Y desde esa admiración sobrecogedora y sentida fue que Valtierra escribió su obra Silvio, aprendiz de brujo, presentada el 16 de febrero, en La Habana, en la XX Feria Internacional del Libro, en la que más de una treintena de voces latinoamericanas, casi todas cercanas al fundador de la Nueva Trova, opinan sobre él y sus canciones, desde la amistad y el compromiso.
Dicen que los brujos pueden, entre otras cosas, detener el tiempo. Y ese es un poder que le atribuye a Silvio su amigo Guillermo Rodríguez Rivera. Sólo así se explica que generaciones posteriores a las del cantautor sigan agolpándose para entrar a sus conciertos o desafíen el sol o la lluvia para emocionarse con sus letras y sus melodías.
Y ese relevo generacional que ha seguido a Silvio se puso de manifiesto ese día de febrero en la presentación del libro, uno de los últimos títulos de Ediciones La Memoria, sello editorial del Centro Cultural Pablo de la Torriente Brau.
De los trovadores que cantaron esa tarde, apoyando los comentarios y la lectura de fragmentos del texto hechos por Valtierra, solo Sara González es contemporánea del trovador. Marta Campos y Heidi Igualada son más jóvenes; más jóvenes aún son Eduardo Sosa, Ariel Díaz, Lilliana Héctor, los integrantes del dúo Karma y Lien y Rey. Ninguno cantó imitando a Silvio. Todos lo hicieron emocionados y agradecidos.
En la repleta sala Nicolás Guillén de La Cabaña también se agruparon admiradores de todas las edades.
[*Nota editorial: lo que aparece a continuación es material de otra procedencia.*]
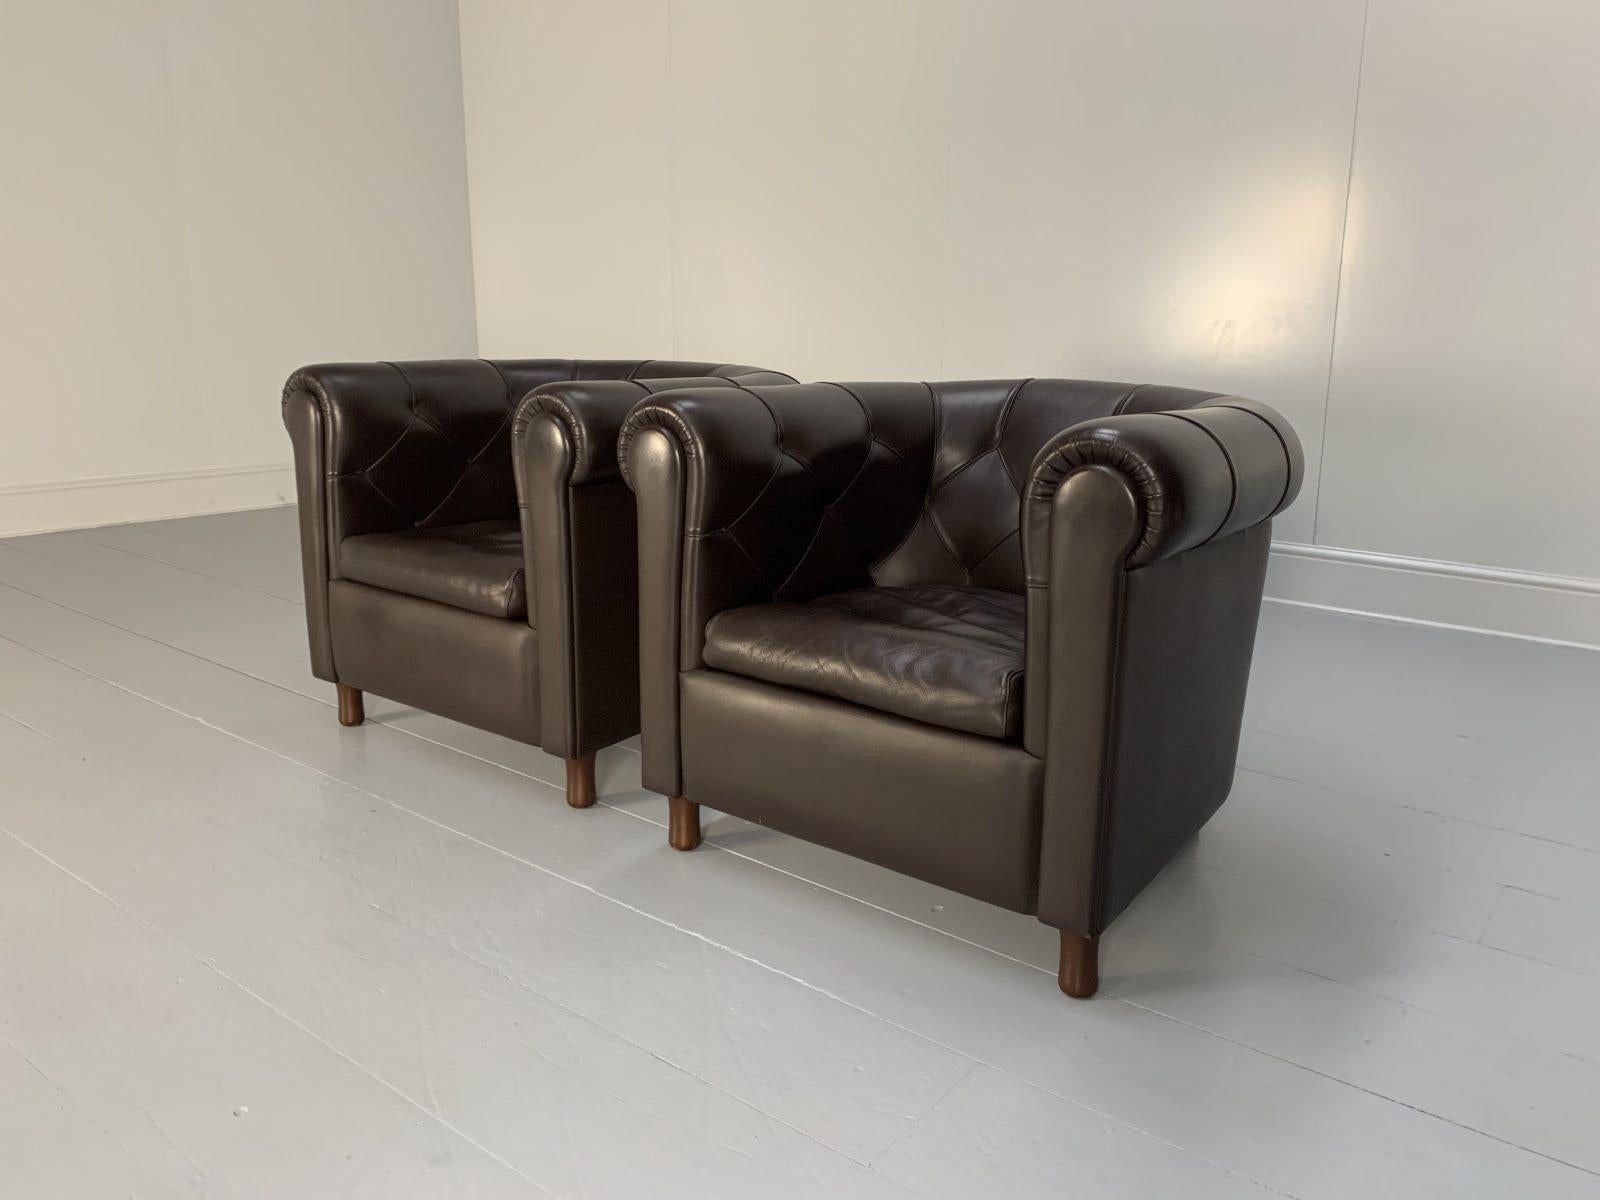 Contemporary 2 Poltrona Frau “Arcadia” Armchairs, in “Pelle Frau” Dark Brown Leather For Sale
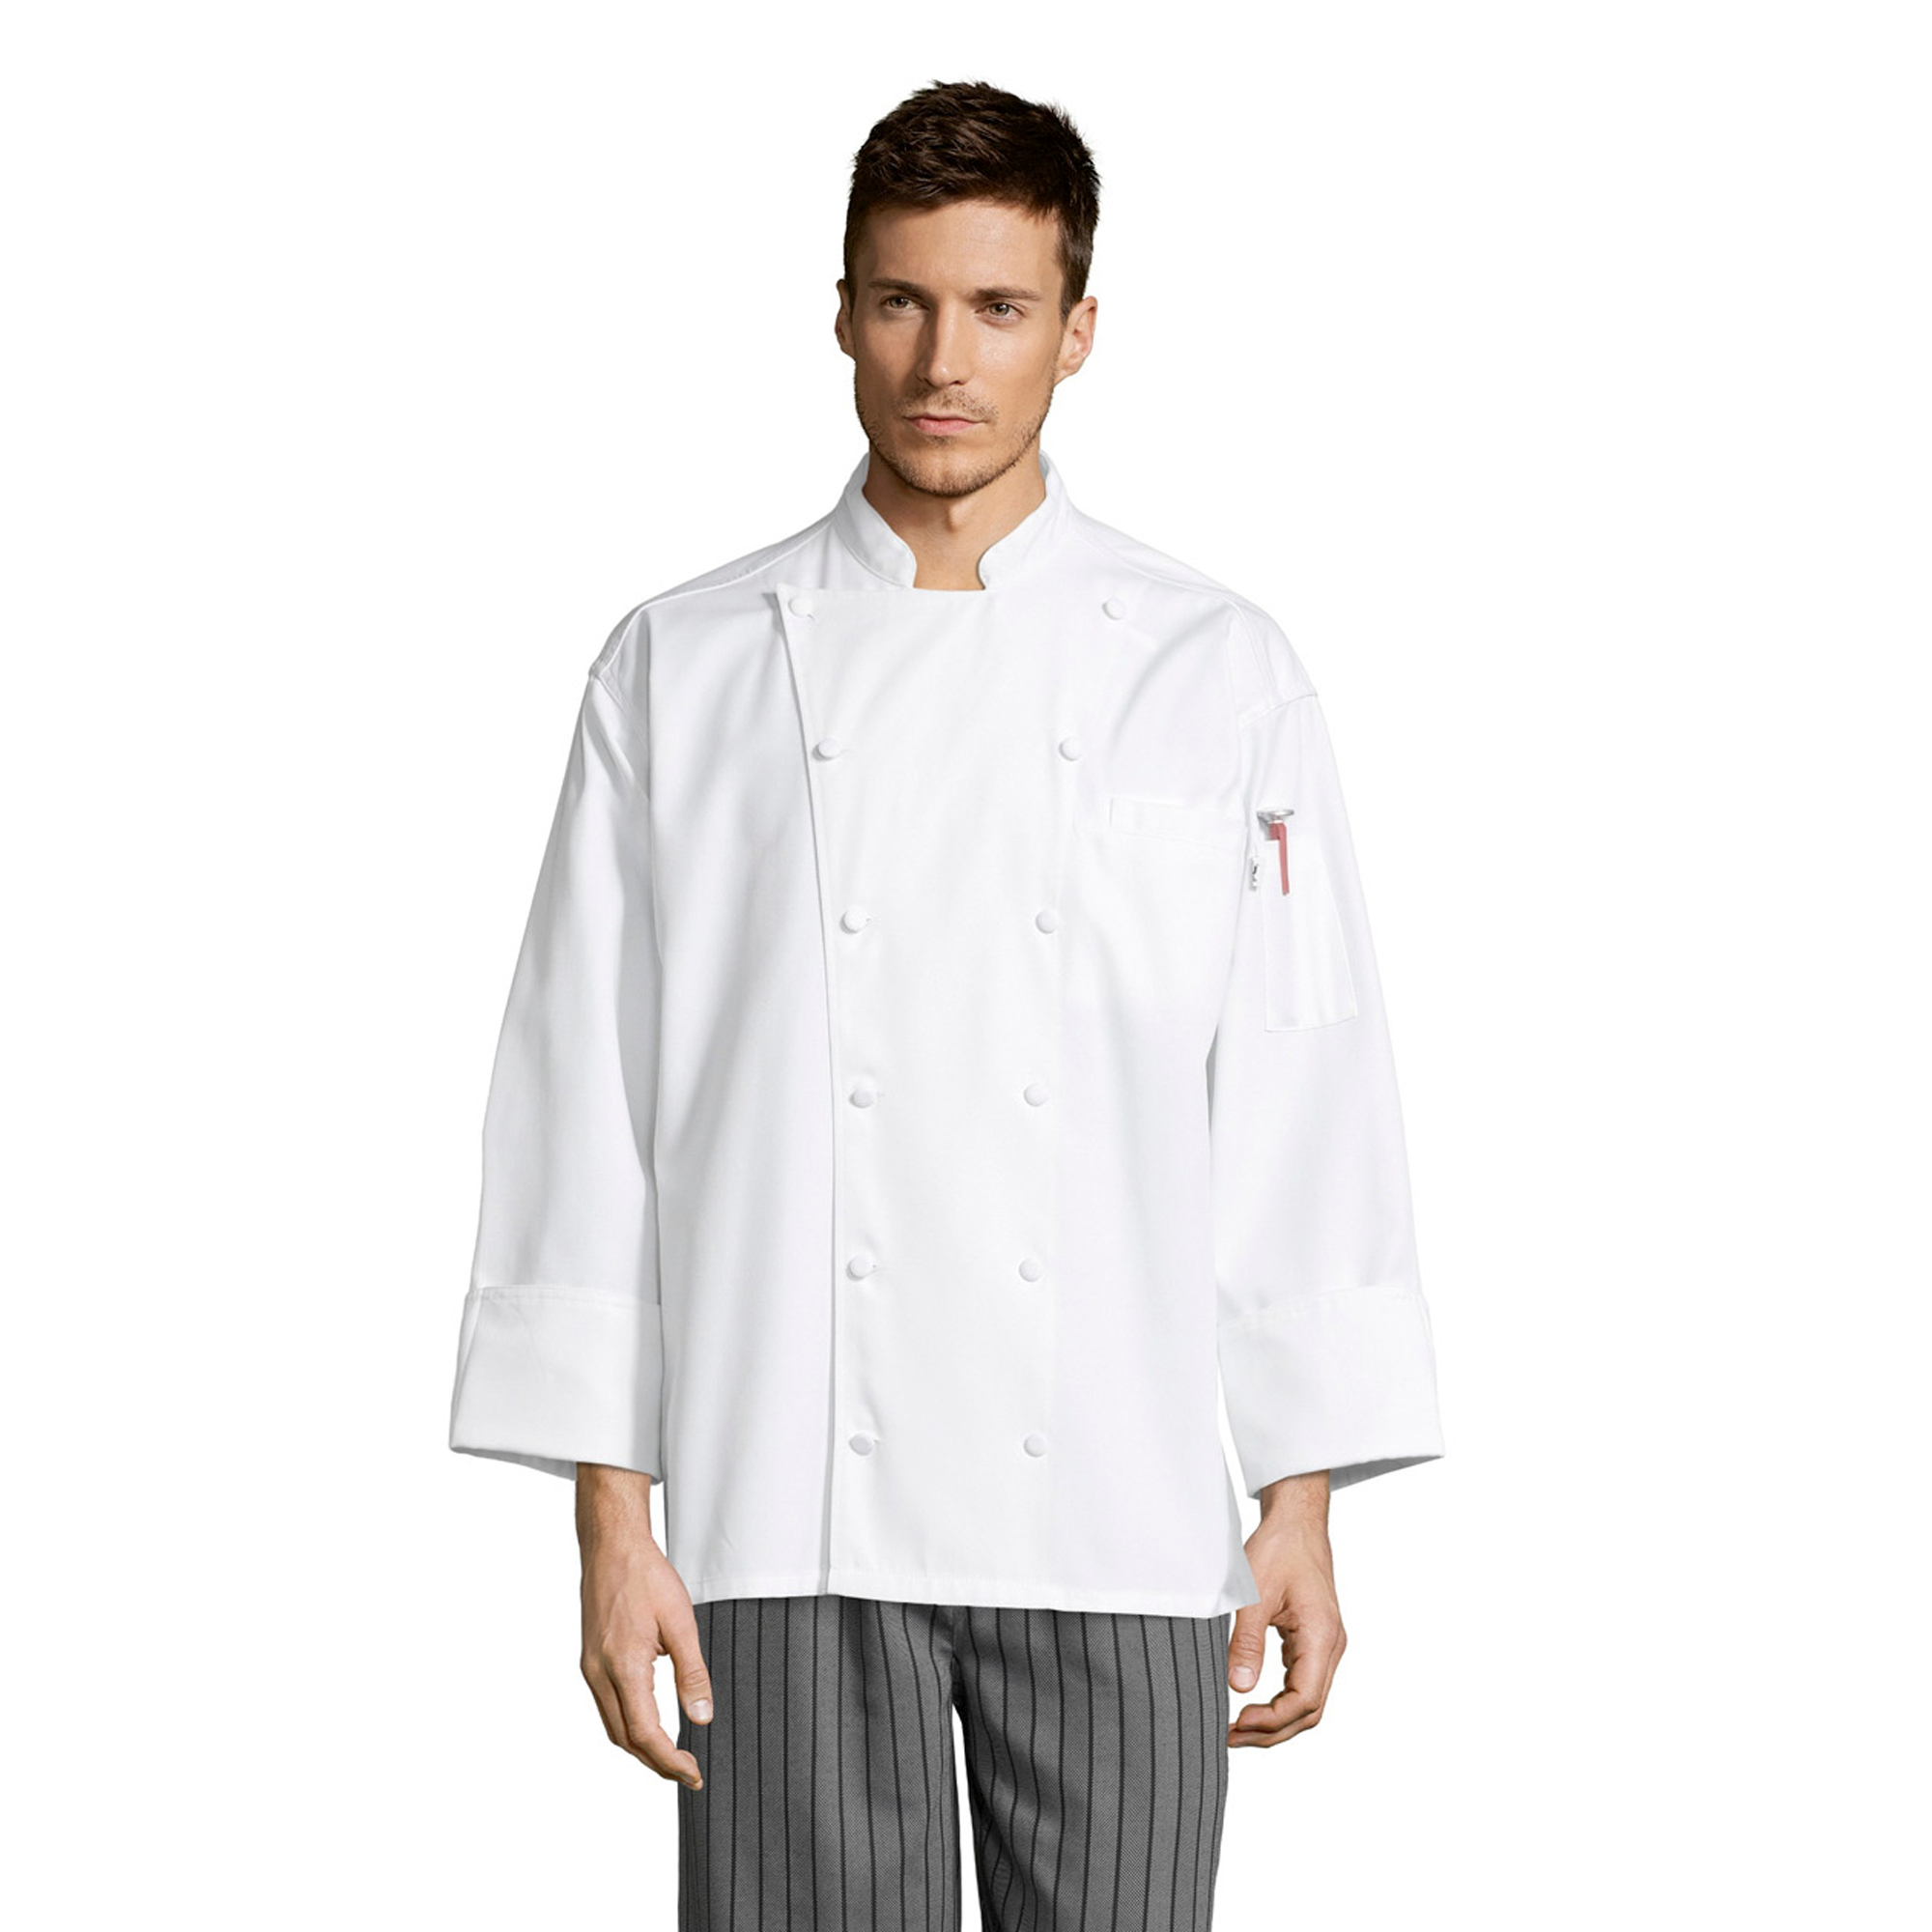 0437 Sienna Chef Coat

Y coreaban las conocidas “Unicornio”, “La gota de rocío” o “Te doy una canción”, y se sorprendían con otras que habían escuchado menos como “Que ya viví, que te vas”, “La resurrección” o “Querer tener riendas”. Esta última pieza, según reveló Sara González, la escribió Silvio pero ella se la “enseñó” cuando la grabaron juntos.
Para Rodríguez Rivera, quien tuvo a su cargo la presentación, Silvio, aprendiz de brujo es un libro chismoso, en el buen sentido de la palabra, si lo tiene, porque “enseña cosas”, incluso a él que tanto conoce del fundador de la Nueva Trova.
Otro poeta y amigo, Víctor Casaus, director del Centro Pablo, se reconoció una vez más como un silviófilo incurable, al tiempo que rememoró los años del Caimán Barbudo, en los que el trovador andaba con su guitarra a cuestas y él con sus versos, que no es lo mismo, pero es igual.
Sonriente y por momentos sonrojándose, Silvio asistió a la presentación del volumen, en la que también estaban el ministro de cultura Abel Prieto y la presidenta del Instituto Cubano del Libro, Zuleica Romay.
La magia se extendió hasta el jueves 17, en la galería Los pasos perdidos de la Biblioteca Nacional José Martí. Allí, la ausencia de trovadores la suplieron las hijas de Valtierra, Ilce y Erika, quienes acompañaron a su padre interpretando las composiciones, sin guitarra pero con mucho deseo. Y es que desde niñas no conocieron otras nanas que los cantos del cubano.
Licenciados en bibliotecología, historiadores, trabajadores de mantenimiento, empleadas de la cafetería, cubanas y cubanos diversos, jóvenes y viejos, narraron anécdotas de su vida vinculadas a Silvio, se acercaron al micrófono y cantaron, mientras que otros se agruparon para imitar con sus gargantas los sonidos de la guitarra, de la clave, o del bongó.
“Hoy le dimos un duro golpe al reguetón”, comentó como para sí uno de los asistentes a la presentación, quien se retiró del salón tarareando “La era”, con un libro de Valtierra bajo el brazo.
No podía ser de otra manera. Si alguien merecía el honor de ganar un premio dedicado al aporte de las artes en América Latina, ese debía ser nuestro Silvio. Él, junto a otros como Violeta Parra, Victor Jara, Mercedes Sosa y Zitarrosa, conforma ese coro de voces imprescindible si se desea configurar un panorama musical y social de las reivindicaciones de los pueblos latinoamericanos en el siglo XX.